_DATA EXTRACT_
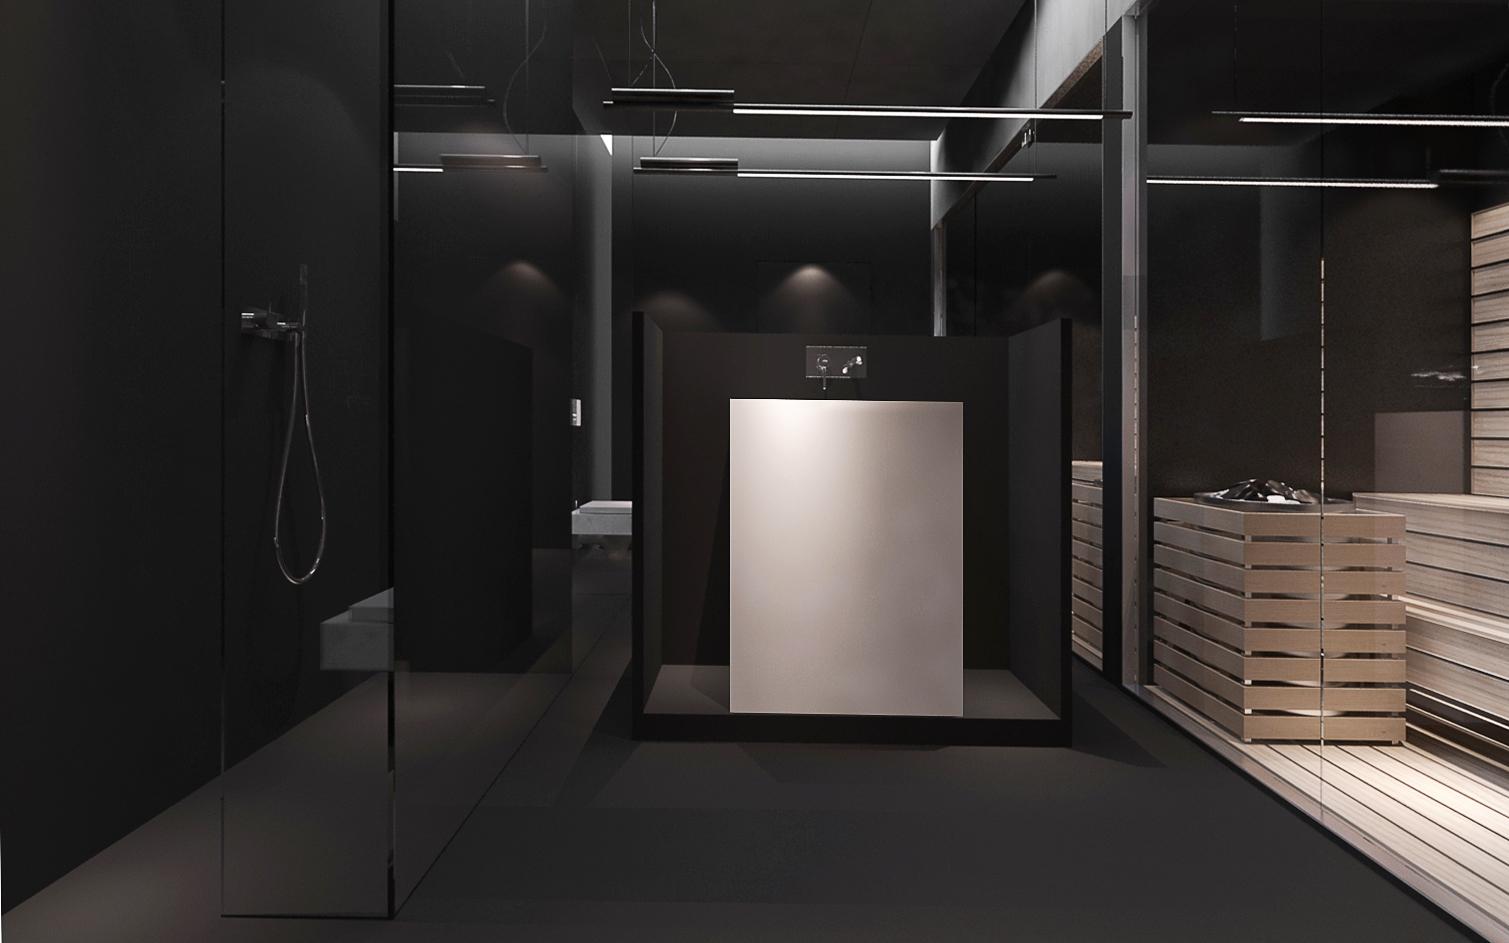 020 mono architekt wnętrz śląsk katowice gliwice nowoczesna łazienka sauna minimalistyczna
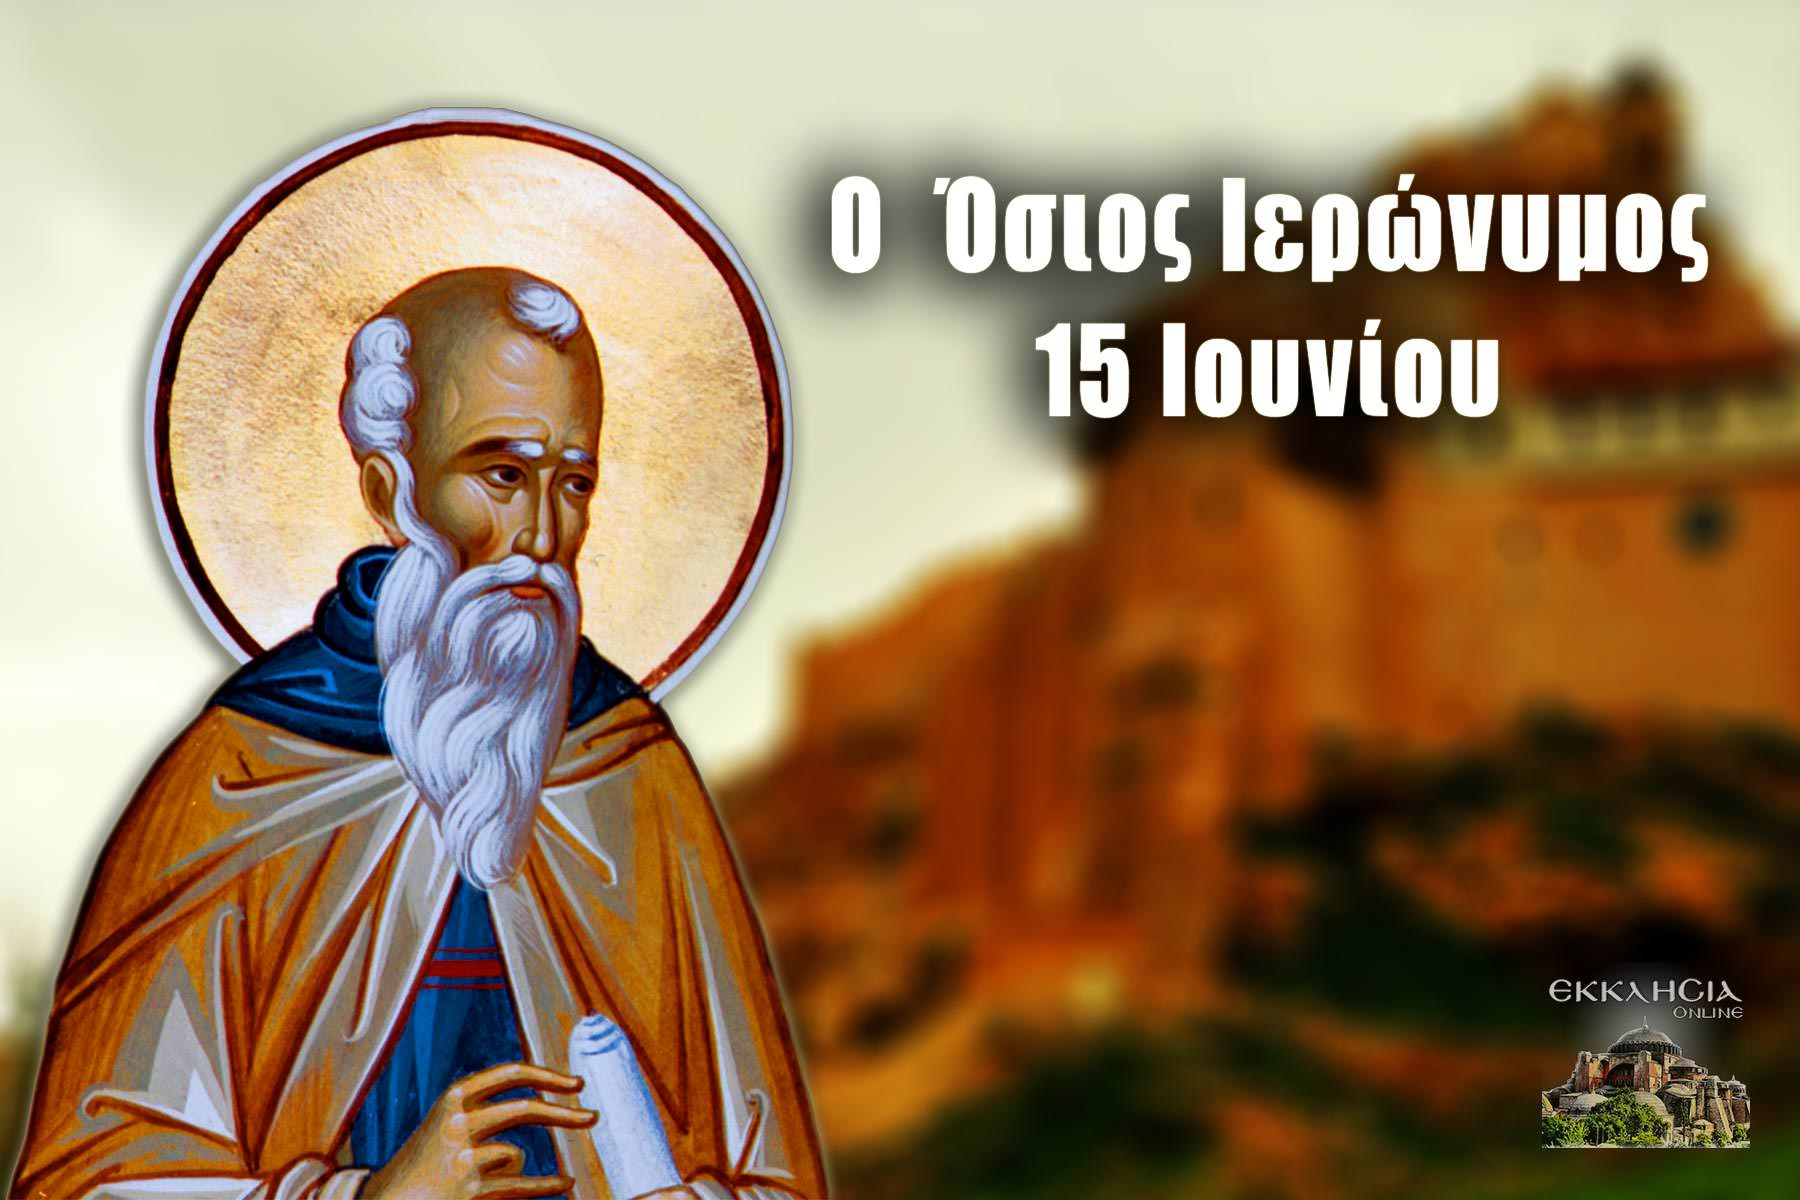 Όσιος Ιερώνυμος 15 Ιουνίου
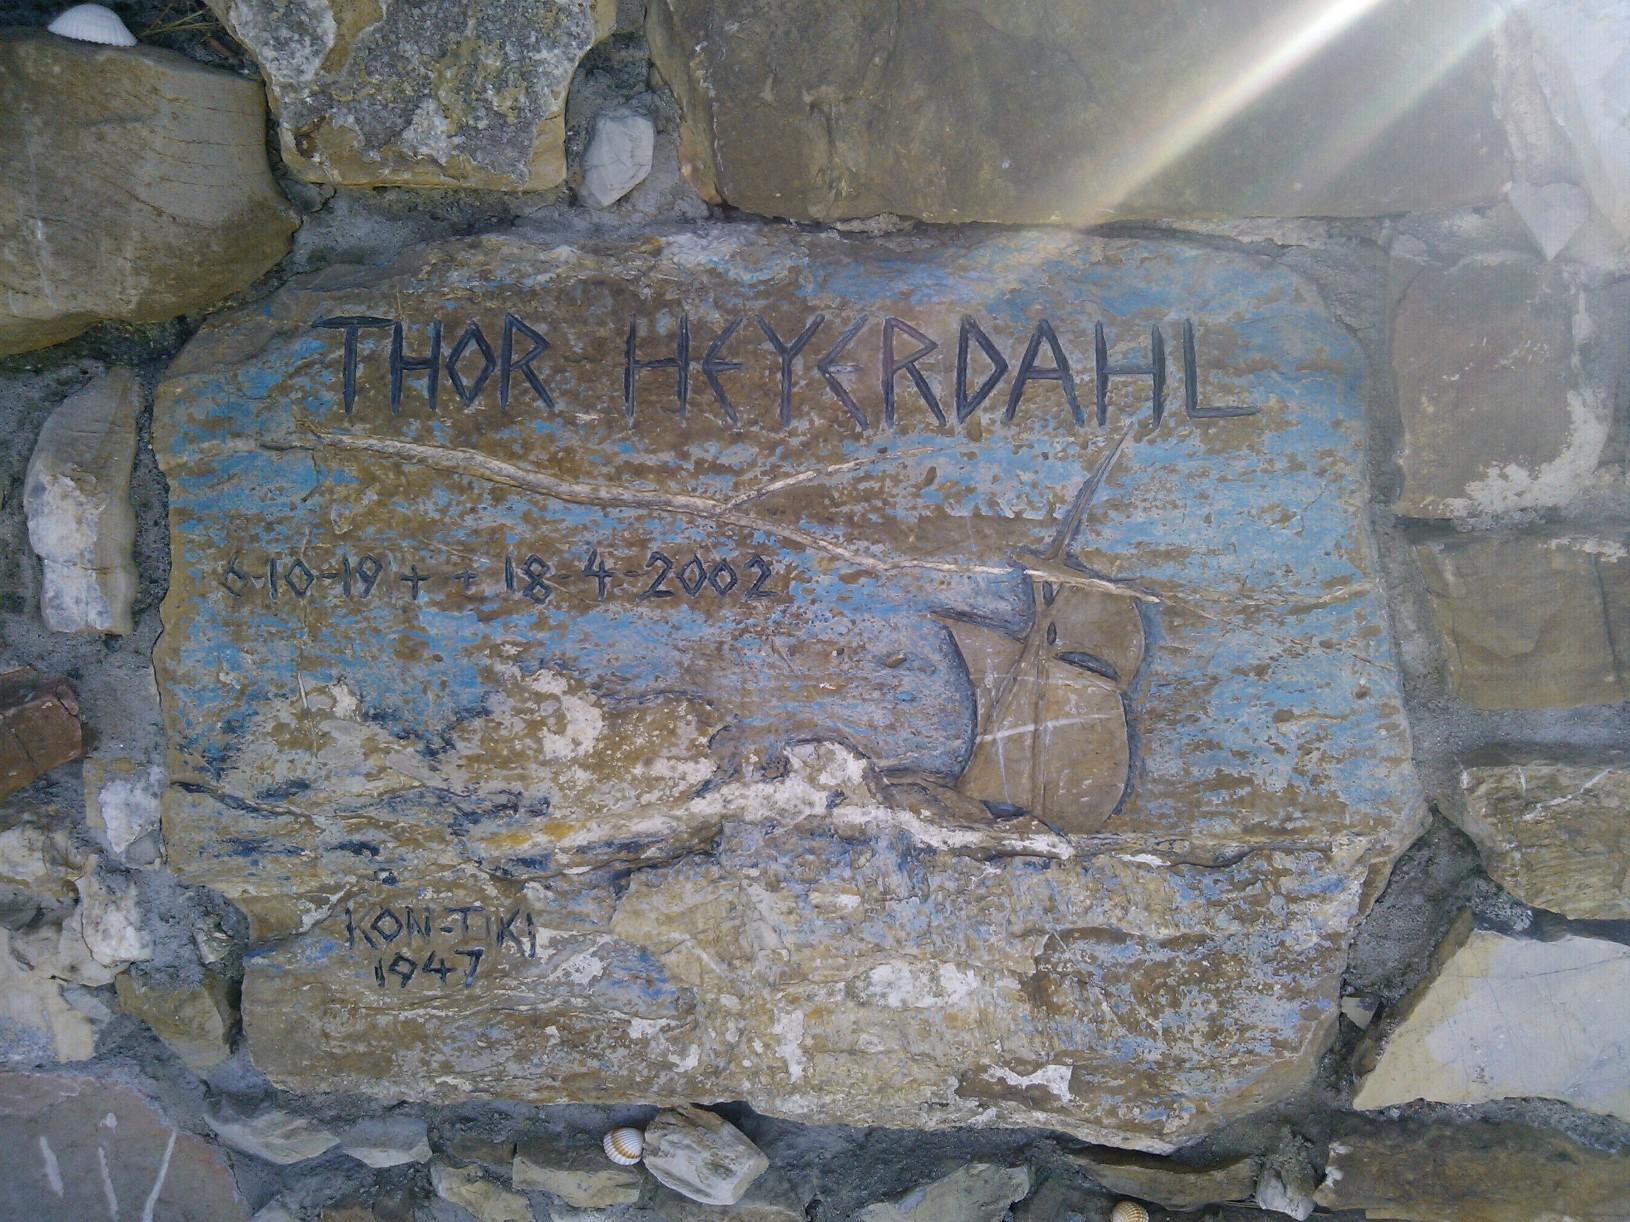 una piastrella incisa reca il nome di Thor Heyerdahl, la data di nascita e di morte, e un veliero a ricordare le sue imprese (Colla Micheri. SV)
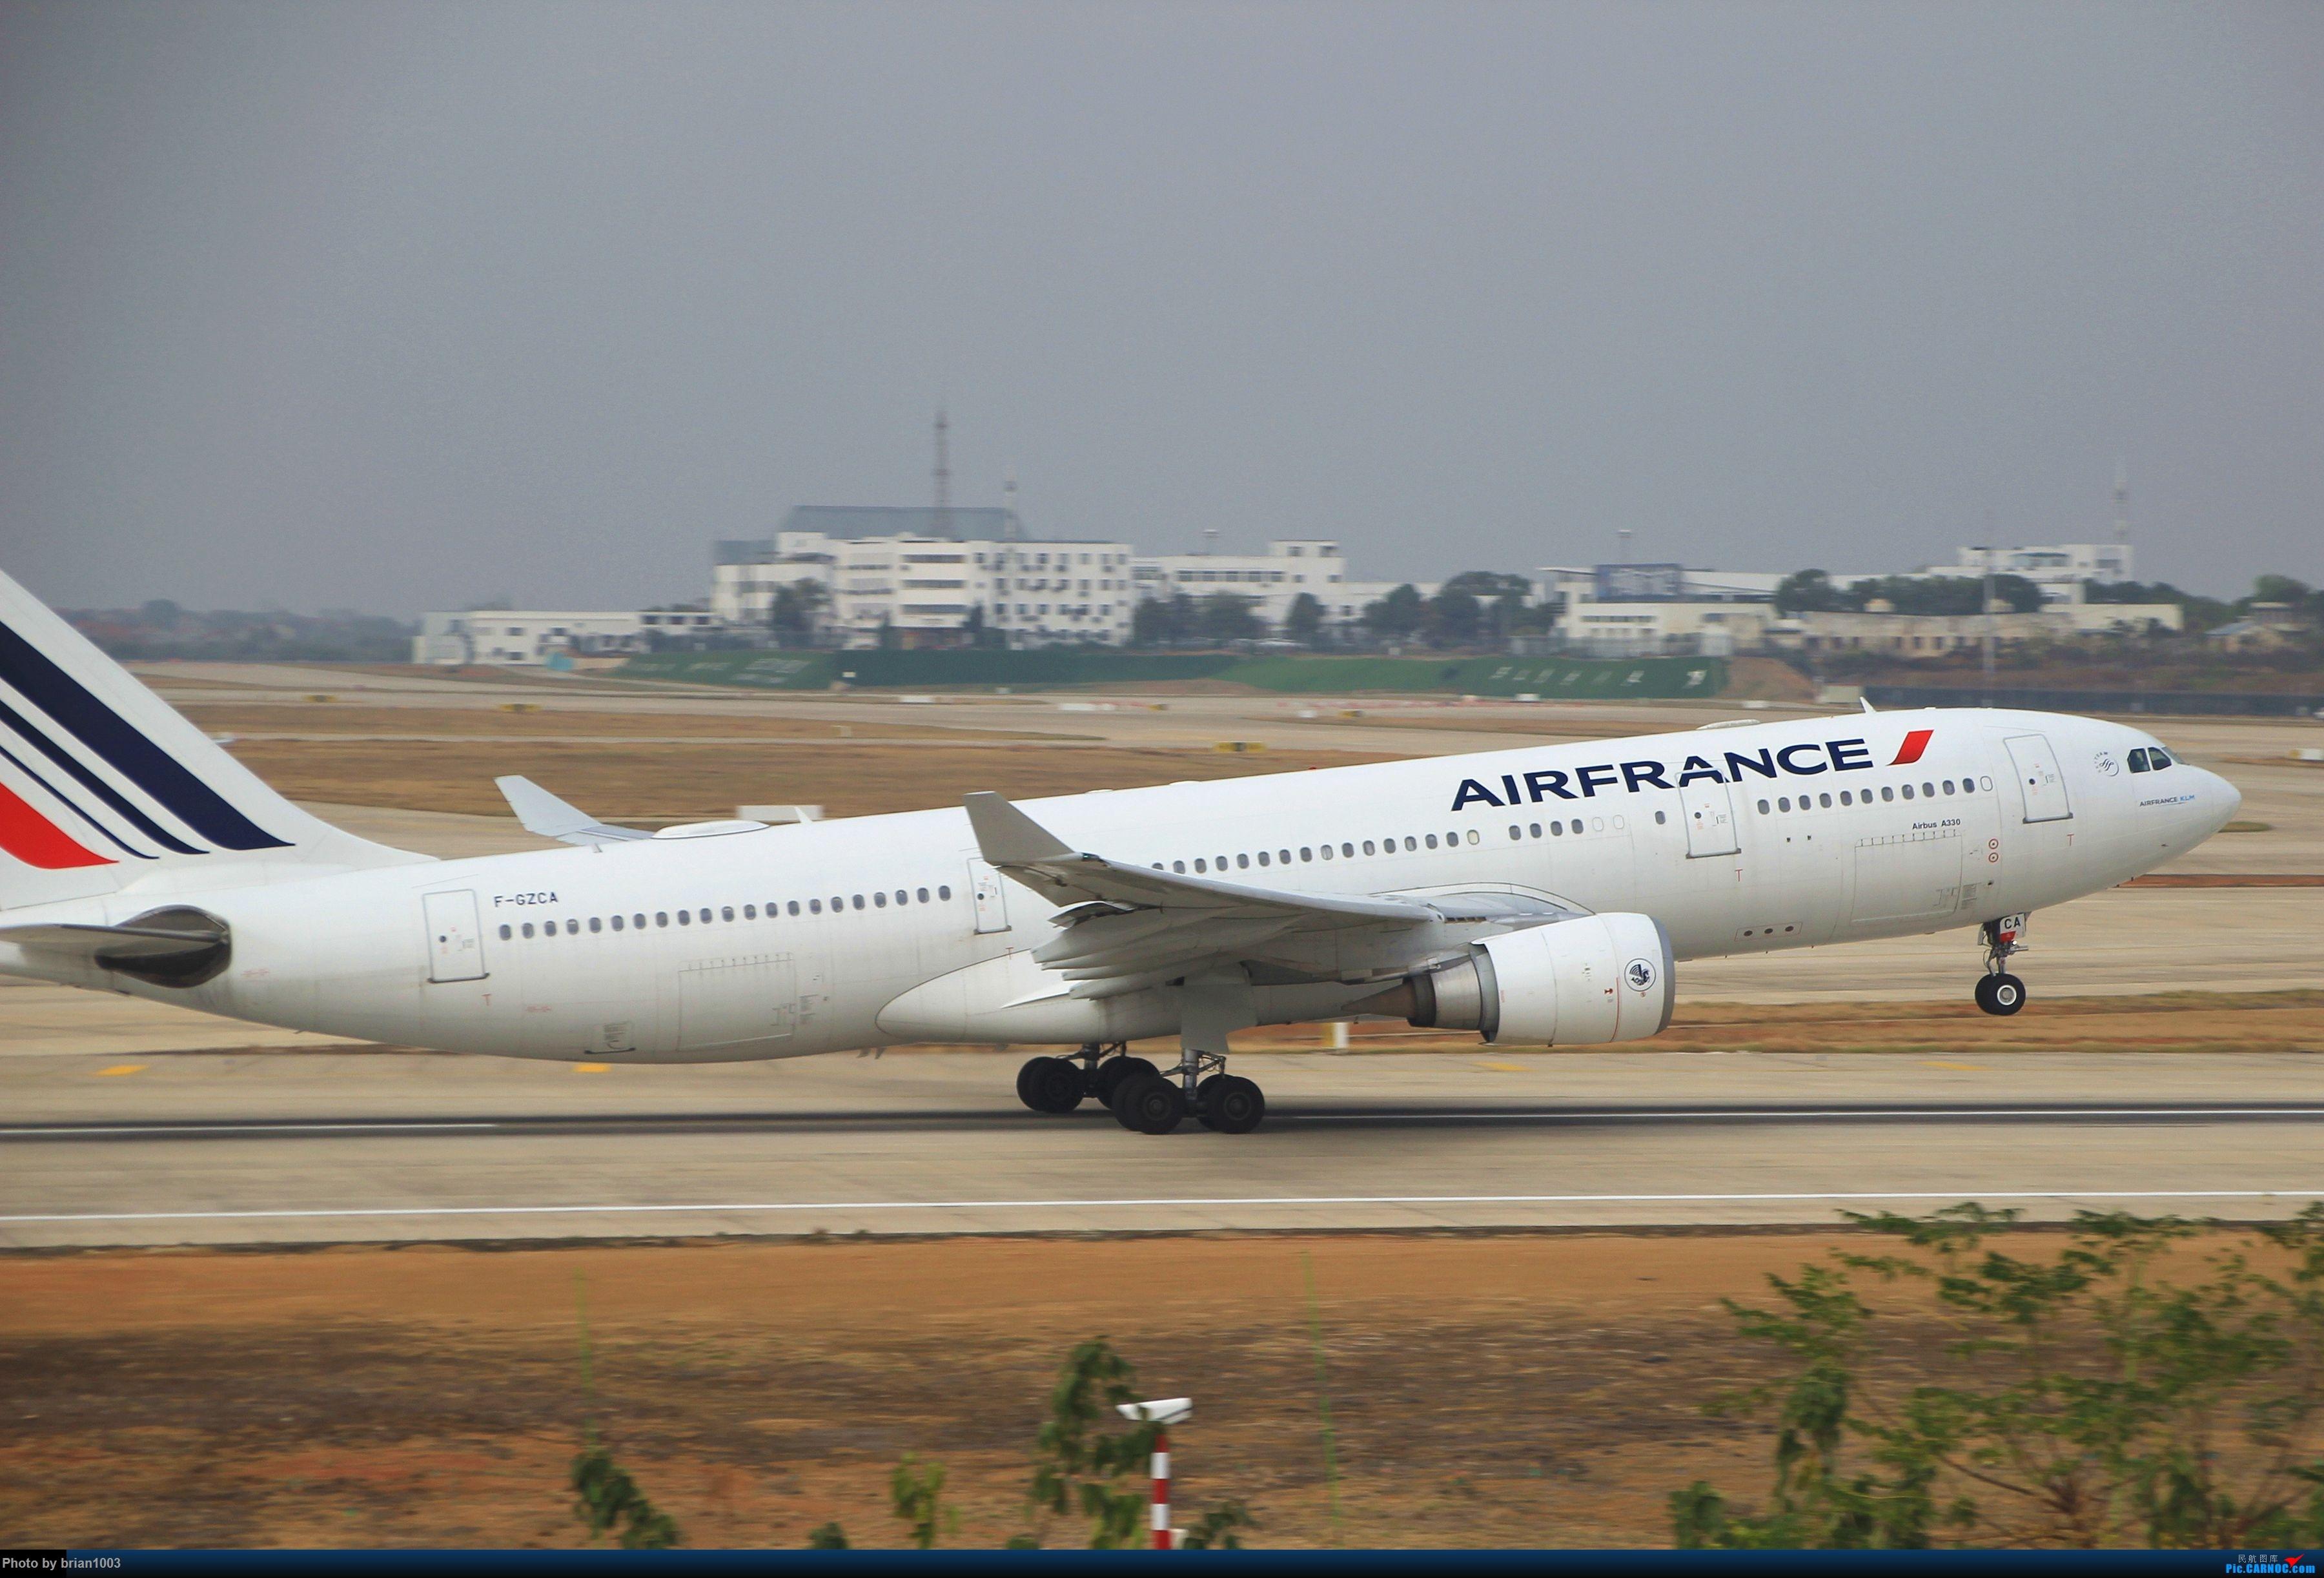 Re:[原创]WUH武汉天河机场拍机之新航季来的海航333和幸福的738 AIRBUS A330-200 F-GZCA 中国武汉天河国际机场

_WORK ORDER_
Drop the pictures, then reproduce exactly the lines from the one with "Όσιος Ιερώνυμος 15 Ιουνίου" through the final line of the listing.

_TASK OUTPUT_
 Όσιος Ιερώνυμος 15 Ιουνίου
 una piastrella incisa reca il nome di Thor Heyerdahl, la data di nascita e di morte, e un veliero a ricordare le sue imprese (Colla Micheri. SV)
 Re:[原创]WUH武汉天河机场拍机之新航季来的海航333和幸福的738 AIRBUS A330-200 F-GZCA 中国武汉天河国际机场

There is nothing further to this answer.